Tuesday, August 10, 2010

Ce sentiment

Do you ever have that feeling that you're bored, like crazy, crazy bored and would do anything short of kill to have something to do? But really, you could write a to-do list a mile long, but nothing on your to-do list sounds appealing and you'd rather be bored senseless then do what you SHOULD be doing?

That is how I've felt, for almost a month. I'm in this weird place where it feels like a lot is going on yet my life feels like it's at a standstill.

I've never really been a fan of summer. I don't look good in summer outfits (ie bathing suits, tank tops, shorts, etc), I hate bugs, bees, and humidity, and I hate sweating and feeling gross. And now being in my own apartment, I hate it being hot and then having to pay an astronomic electric bill because I just want to sleep with some A/C on. I can't wait for the weather to cool down. I crave for the days where hot tea is enjoyable and making dinner doesn't make you feel like you need a shower when you're done. Summer puts me in a pissy mood in general, and this summer is no exception.

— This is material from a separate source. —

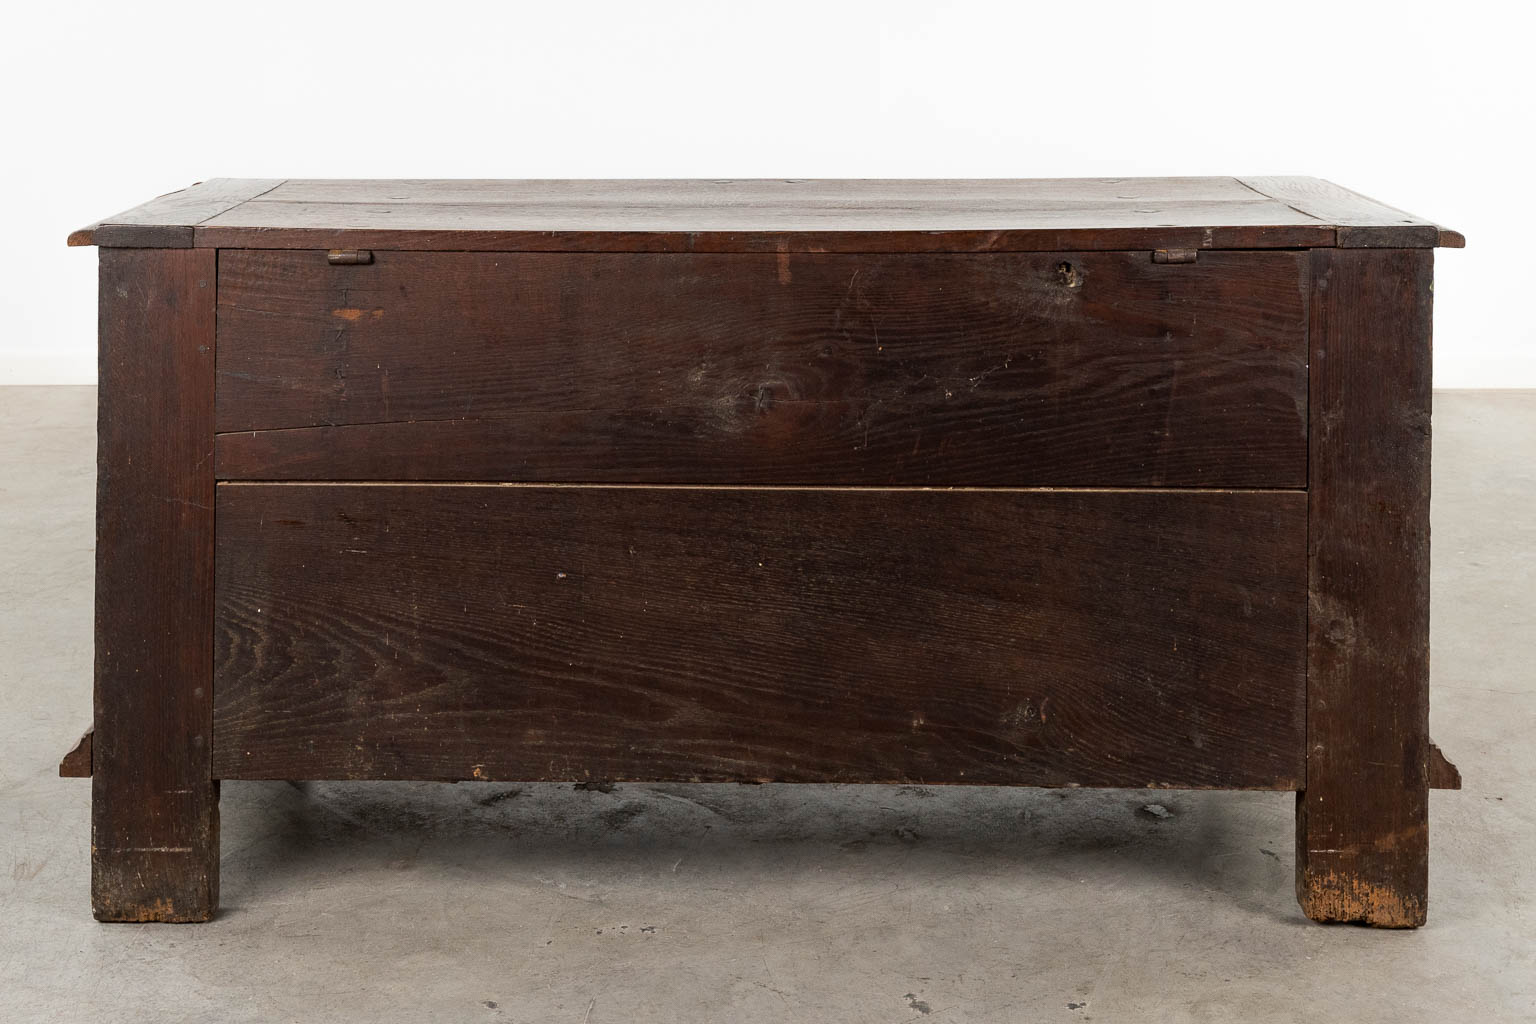 An antique chest, 19th C. (D:60 x W:140 x H:70 cm)

Work is getting to me a little bit, but I really don't have anyone to talk to about it. I used to, and it was great, but that venting source was cut off unexpectedly. Stef tries to listen, and it helps a little, but it's better when the people you're venting to know who you're venting about, you know. I only have a couple more nights of work left, anyway, but it feels endless.

The wedding is in 10 days.. woo. It's really the last thing in the world I want to hear about. I've been pretty uninvolved for the last year and then some.. yet now we have just over a week left and people all of a sudden care what I think.

Oh, and boys suck. A lot.

I also have been experiencing the worst cabin fever ever. I want to go out and be a 22 yr old so bad! But I don't know anybody here, and I don't want to be that creepy want-to-be-cool-but-really-a-loser fat girl who goes to a bar alone and tries to talk to people. I only know two people here my age... my roommate, who is nice and great to live with but she has a boyfriend and she's already started her classes, and we barely see each other. And the other, well he's made it quite clear to me that I'm strictly his maid and nothing else (don't ask, just don't).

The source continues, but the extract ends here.